While Claire spoke, her mother, as if mesmerized by her fury, sat looking at her with dilated eyes and a fixed face—a face too fixed to show anguish. Rather it was as if, with an intense, spellbound interest, she hung upon her daughter’s words, hardly feeling, hardly flinching before her insults, hardly conscious of each whip-like lash that struck her face to a more death-like whiteness. Now, drawing a breath that was almost a gasp, she leaned forward over the table, stretching her arms upon it and clasping her hands. “Claire, Claire!” she said, with a hurried, staccato utterance, “I see it all with your eyes—I understand. You have had something really dear taken from you—not love, perhaps, but a true friendship; that is so, isn’t it? He seems to have turned against you,—isn’t it so?—and through me. There is in you an anger that seems righteous to you. How cruel to have our best turned against us! I see all that. Ah, no, no! Let me speak to her!” For, Claire keeping the hardened insolence of her stare upon her, Damier, full of a passionate, protecting resentment, put his arm around her shoulders, took her hand. She threw off the hand, the arm, almost cruelly. “Let me speak to my child! Don’t come between us now—now when we may come together, she and I. Yes, Claire, he loves me,—you see it,—too much, perhaps, to be just to you, though he has been so just—more just than I have been, perhaps; he has been so truly your friend. But now I am just. I am your mother. I can understand. I love him, Claire, yes, I love him; but I understand you. I will never do anything to part us further—understand me! I will never marry him against your will. Oh, Claire, try to understand me—try to trust me—try to love me!” She rose to her feet, her face ardent with the upsurging of all her longing motherhood, its sudden flaming into desperate hope through the deep driftings of ashen hopelessness; and as if swayed forward by this flame of hope, this longing of love, this ardor, she leaned toward her child, stretched out her arms toward her face of heavy impassivity. At the gesture, at her mother’s last words, Claire’s impassivity flickered into a half-ironic, half-pitying smile. But she did not advance to the outstretched arms. Merely looking at her with this searing pity, she said:

“You would marry him to me if you could, wouldn’t you?—you would, as usual, sacrifice yourself to me; as usual, your radiance would shine against my dark. Poor, magnanimous Mamma! No, no, no!” She turned and walked up and down the room. “No, no! I am tired of all this—tired of you; and you are tired of me. You will marry Mr. Damier. Why not, after all? Don’t let scruples of conscience interfere, especially none on my account. It would not separate us: we are separated; we have always been separated, and that we are gives me no pain. But don’t expect me either to live with you when you are married, or to marry my antique lover and settle down to the respectable, tepid joys he offers me. No, and no again. I will not marry him. I leave the respectability to you two excellent people.” The glance she shot at them now as they stood together was pure irony. Her mother’s pale and beautiful face still kept its look of frozen appeal, as though, while she made the appeal, she had been shot through the heart. Its beauty seemed to sting Claire where the appeal did not touch, and, too, Damier’s look, bent on her with a quiet that defied her and all she signified, stung her, perhaps, more deeply.
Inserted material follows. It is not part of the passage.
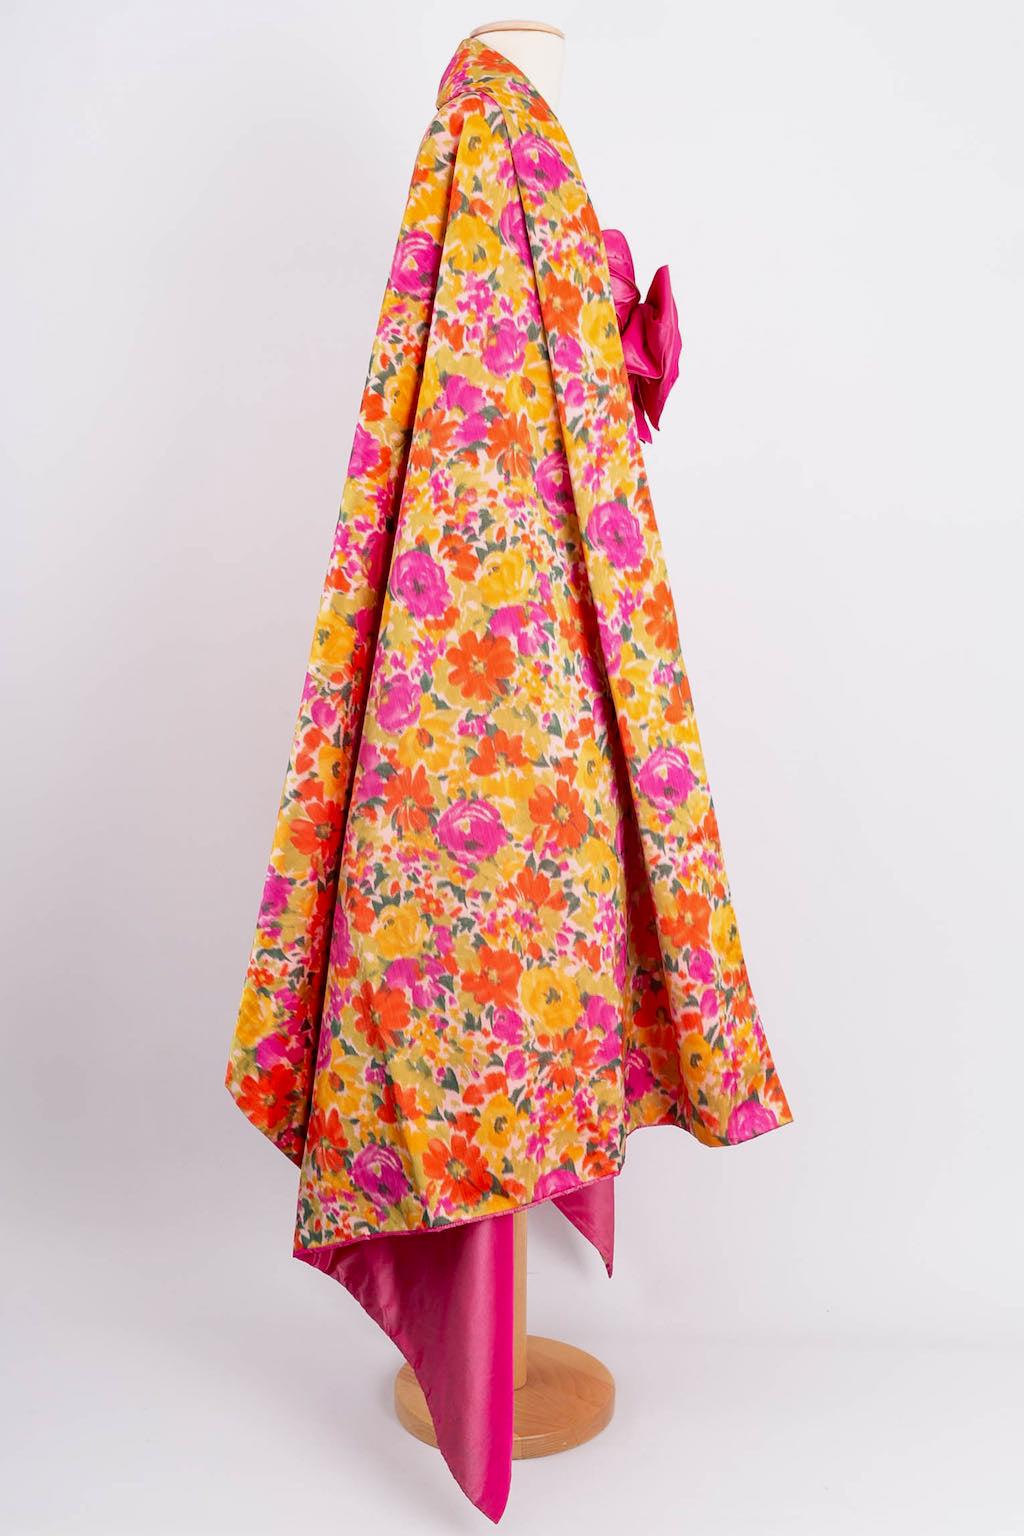 Nina Ricci Flower Silk Dress and its Stole In Excellent Condition For Sale In SAINT-OUEN-SUR-SEINE, FR

“My poor chances can’t compete with yours, Mamma,” she muttered. “Let me tell you that despair becomes you.” She took up her hat.

“Where are you going, Claire?” Madame Vicaud asked in her dead voice.

“Don’t be alarmed. Not to the Seine. I am going to a tea with Mrs. Wallingham. I shall be back to dinner. You will admit me?”

“I shall always admit you.”

“Good.” Claire was putting in her hat-pins before the mirror. “That is reassuring. Console her, Mr. Damier. Try to atone to her for me—bad as I am, I am sure that you can do so. Ah, I don’t harmonize with a love-scene!—it was one I interrupted, I suppose. Let me take my baseness—my vileness—from before you.” Her hand on the door, she paused, fixing a last look upon them; then, with a short laugh, she said, “Accept my blessing,” and was gone.